We’re currently preparing for a book art show, but a really special one. It’s been my dream to present this show in London some time. “Prospero’s Library” began as an idea from Moscow-based writer and artist Mikhail Pogarsky, who imagined a project inspired by both the character of Prospero in Shakespeare’s The Tempest, and the film Prospero’s Books by Peter Greenaway. Imagining Prospero’s magical “library of everything” was the starting point to collect together an exhibition that is ever-expanding and transforming, as different books and items are added to it, and it magically manifests itself in different places on the globe. “Prospero’s Library” truly resembles the original library of the magician Prospero in that, like his collection, it has travelled far and wide. The first manifestation of the library was made in the Zverevskiy Center of Contemporary Art in Moscow. After that the show toured to various regions including Yasnaja Poliana, Tula where Tolstoy lived; culminating in a presence at the Moscow Central House of Artists. Further tours were made in Russia, and to Catania and Milan.
Finally, the library is in London. And it’s taken some time to do this because the project is too “odd” for London. It’s not really trendy, it’s not very commercial and it’s not really conceptual either. And we didn’t event try to get funding for it. How on earth do you answer the ACE questions about “public benefit” to something like this. Who can answer that? Approaching the various Russian cultural organisations in London plunged us into scenes from Bulgakov or Gogol. Not being affiliated with any university art department meant we could not use them, which would be the easy way to get a show like this out there. Now that we have Studio 75 though, the time has come. The studio is small but not smaller than a book fair and the show has been at Moscow Artists book fair. In any case, the show changes every time.

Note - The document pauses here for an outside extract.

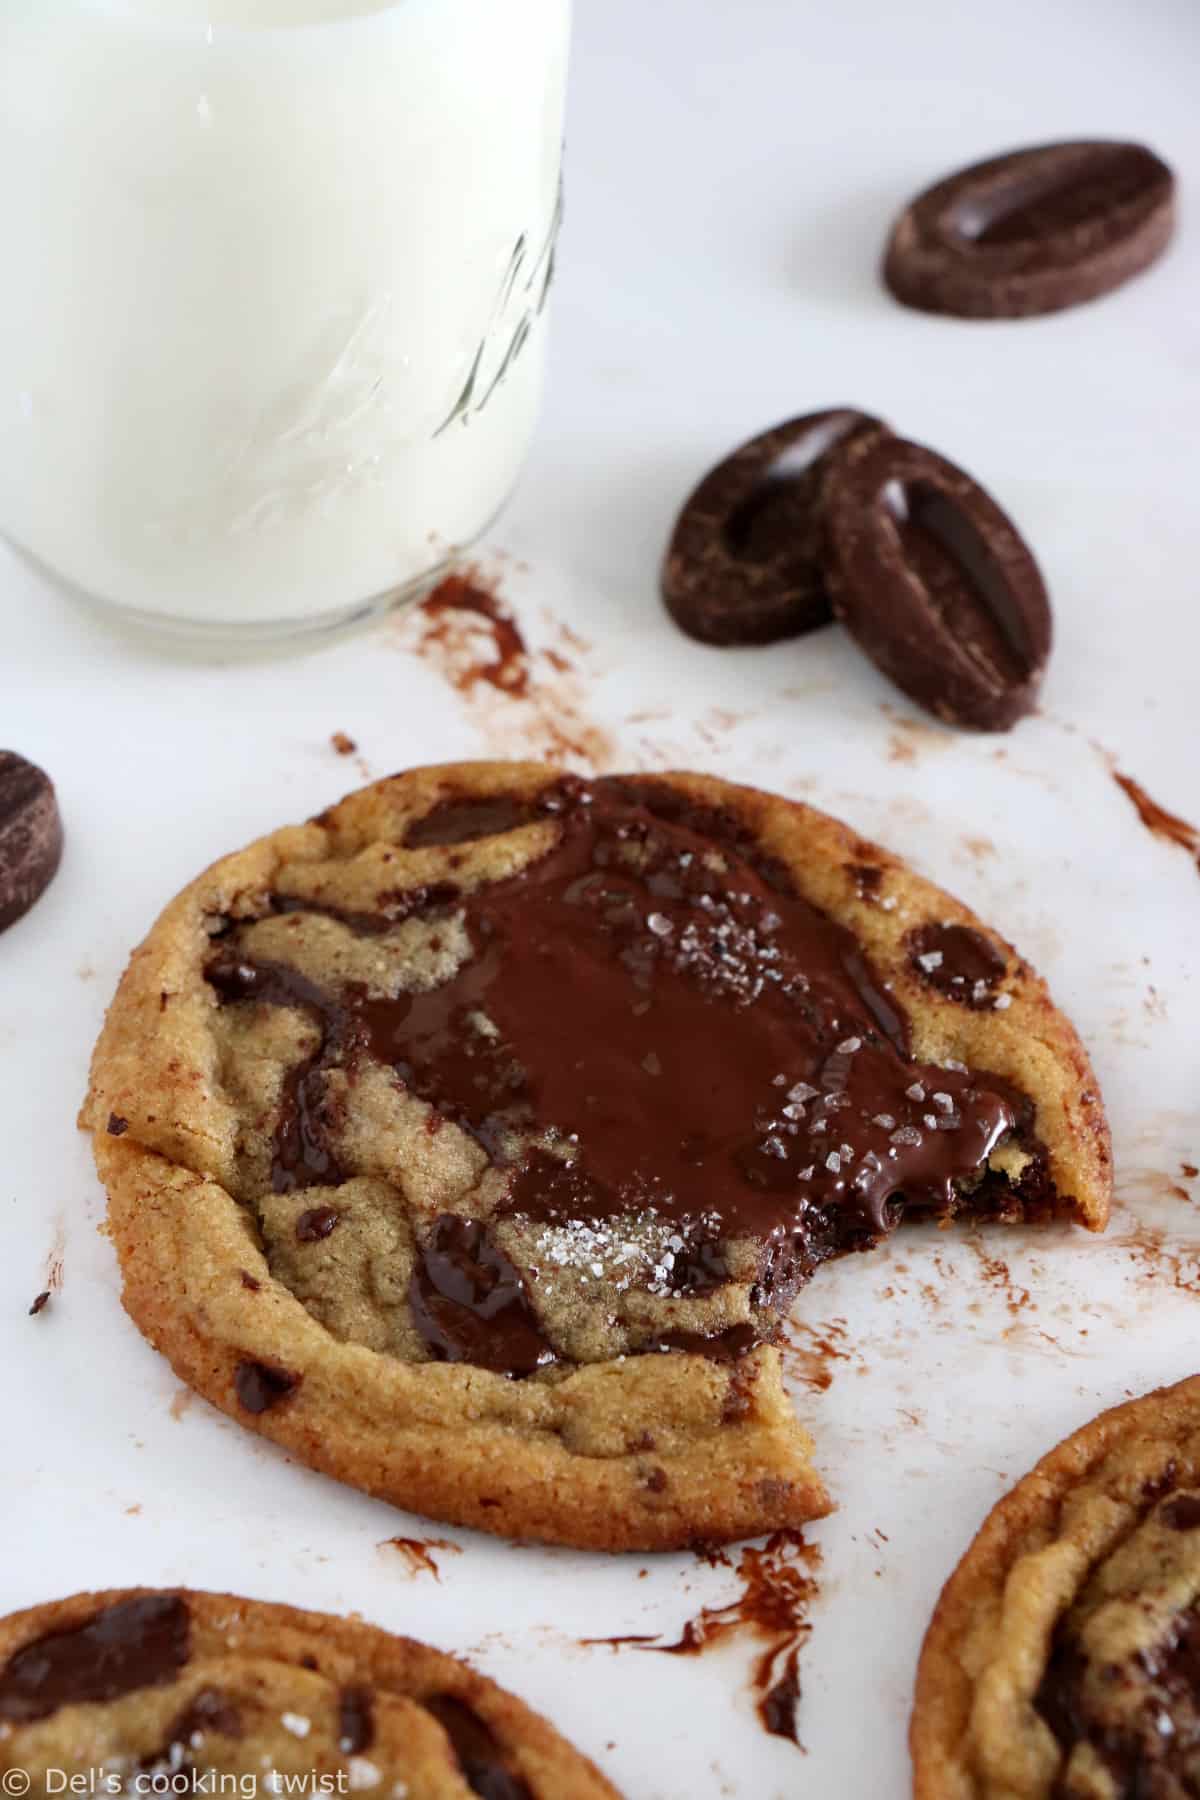 The BEST chocolate chip cookies are soft, buttery, with a slightly puffy, inflated texture, and oozing with melted chocolate puddles.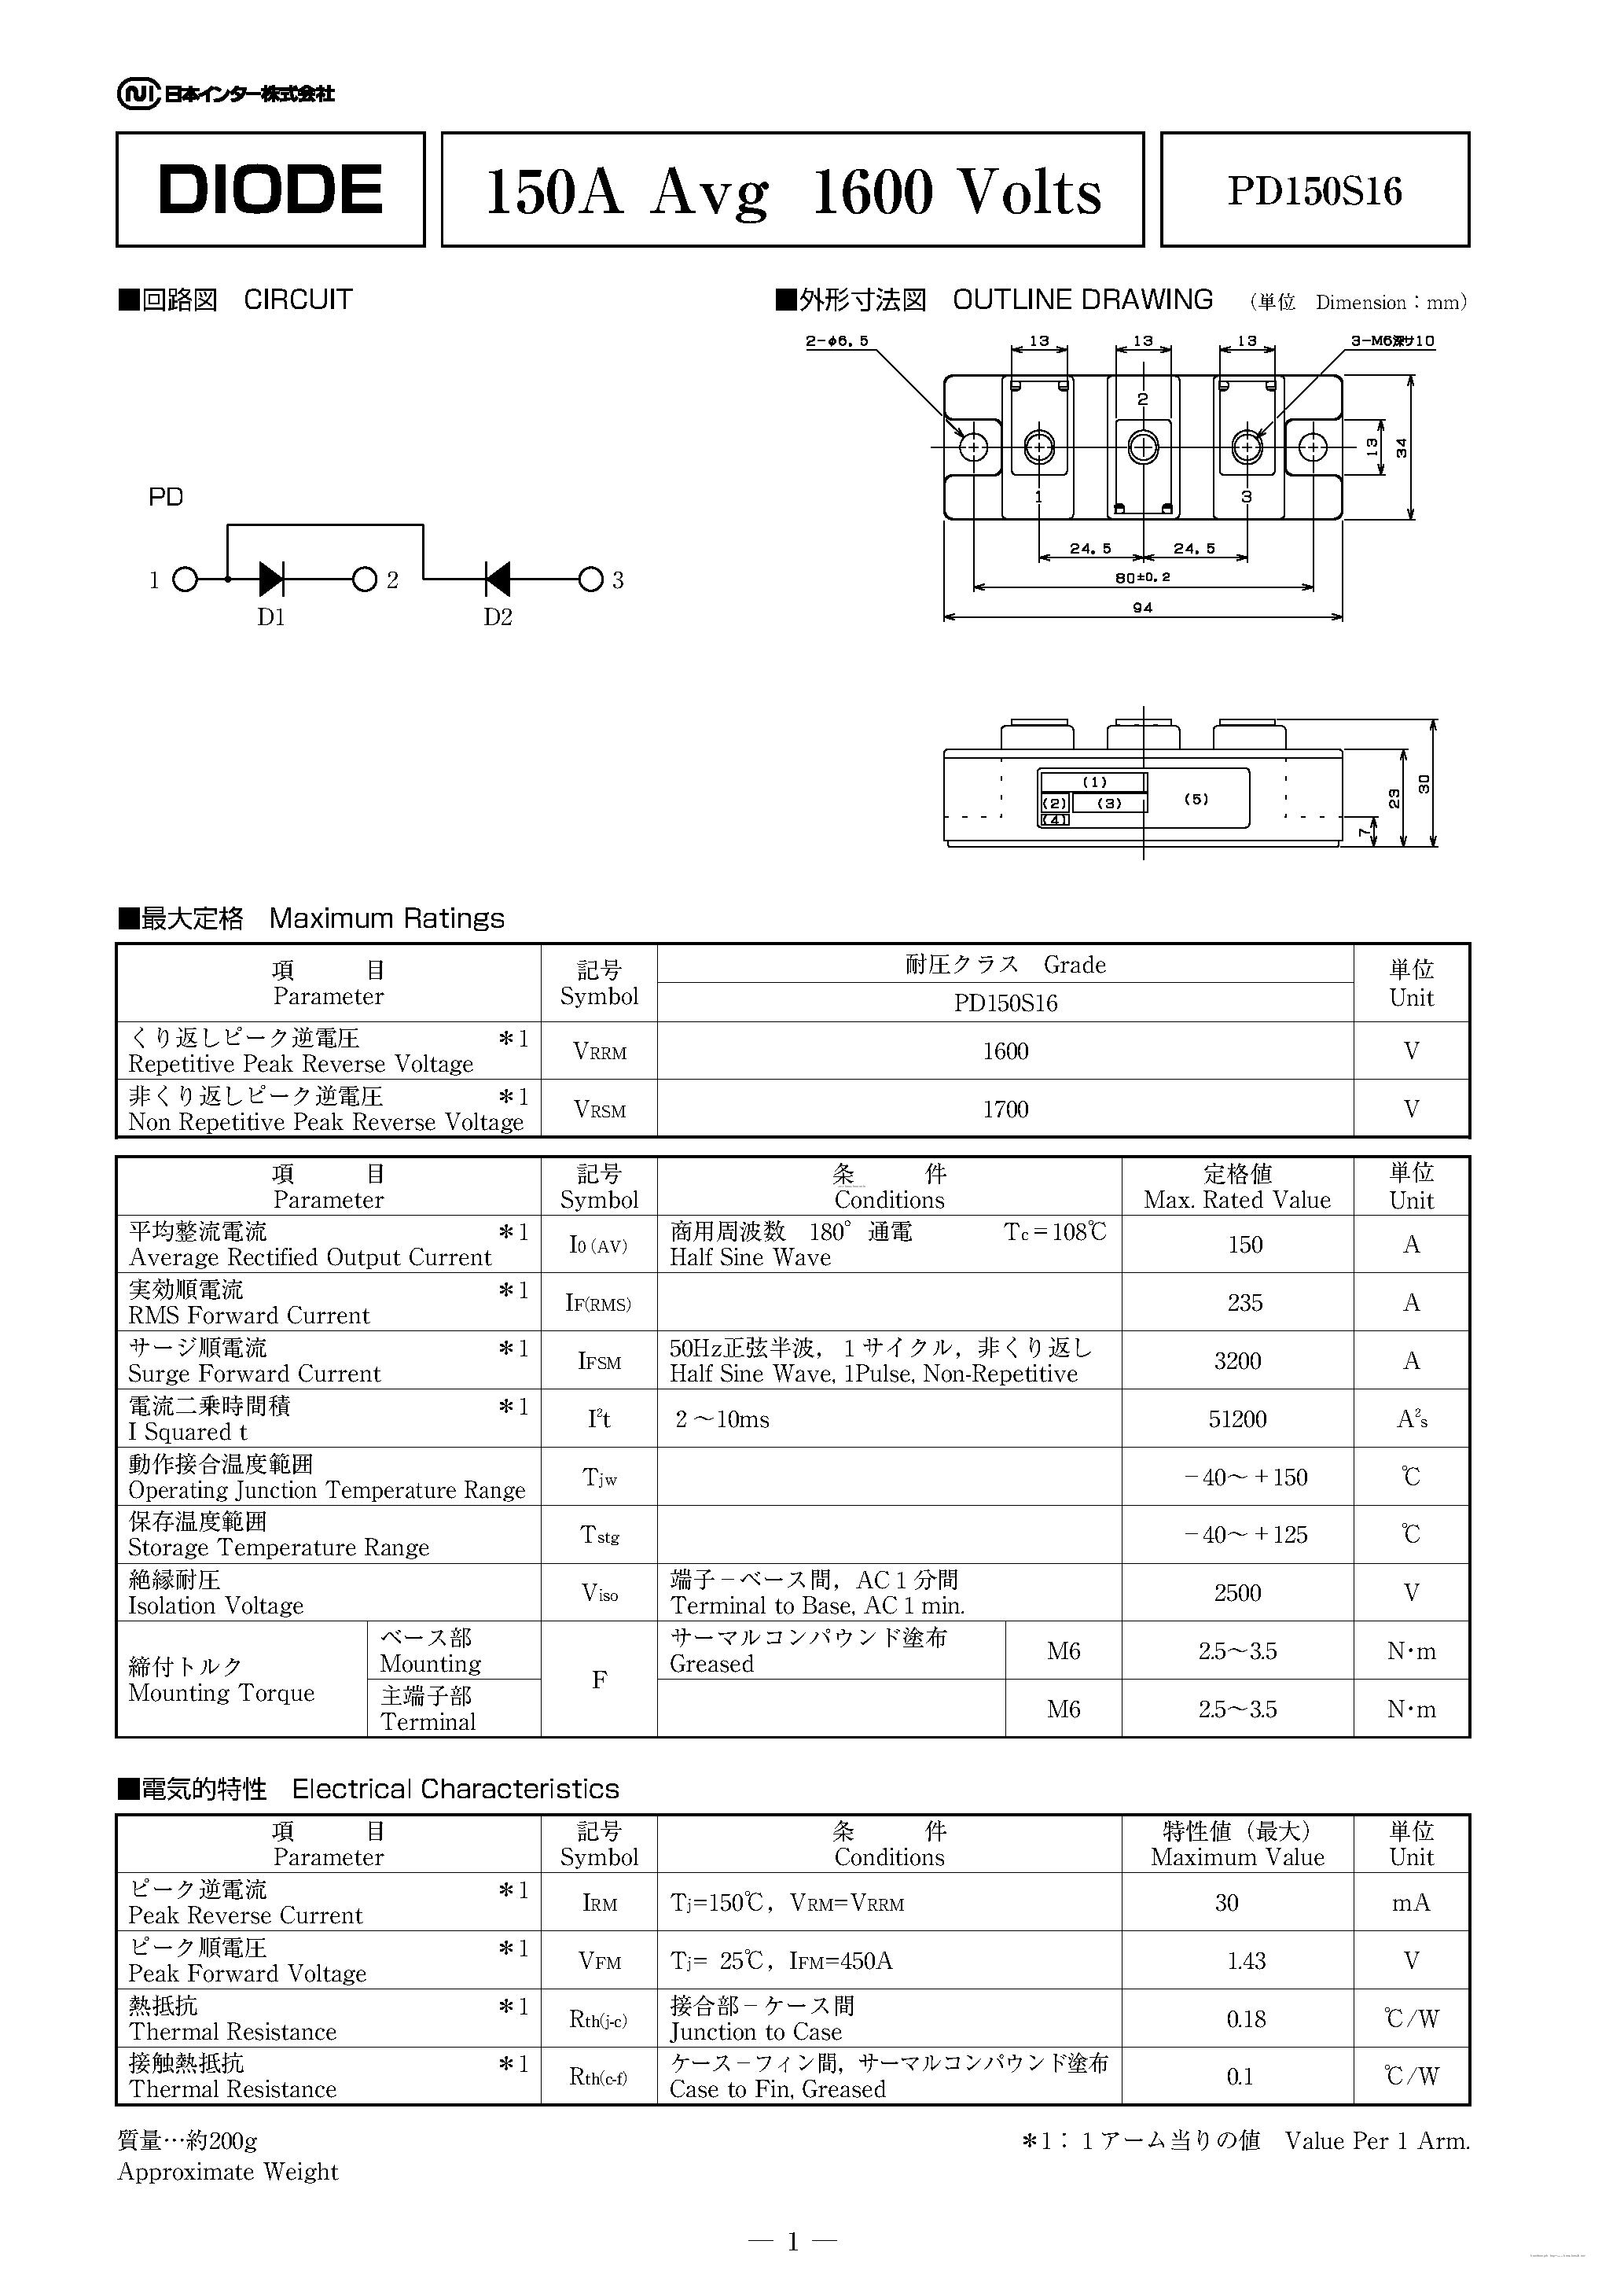 Datasheet PD150S16 - DIODE page 1

Artists books are strange and interesting things. Often I balk at “text art” for a number of reasons not least of which is cultural imperialism (more about that at a later post). But the history of the artists book is so fascinating, so underground and quirky and subversive, and the books themselves – from William Blake’s Songs of Innocence and of Experience to the work of the Lettrists and Fluxus, are just so brilliant! Our project is interesting because it brings together quite a lot of very different kinds of book art, from Russia, from Italy, from the great diaspora that is London – as well as different forms: uniques, multiples, digital books, book installation.
I hope it’ll be as fun and interesting for the audience as it is for us.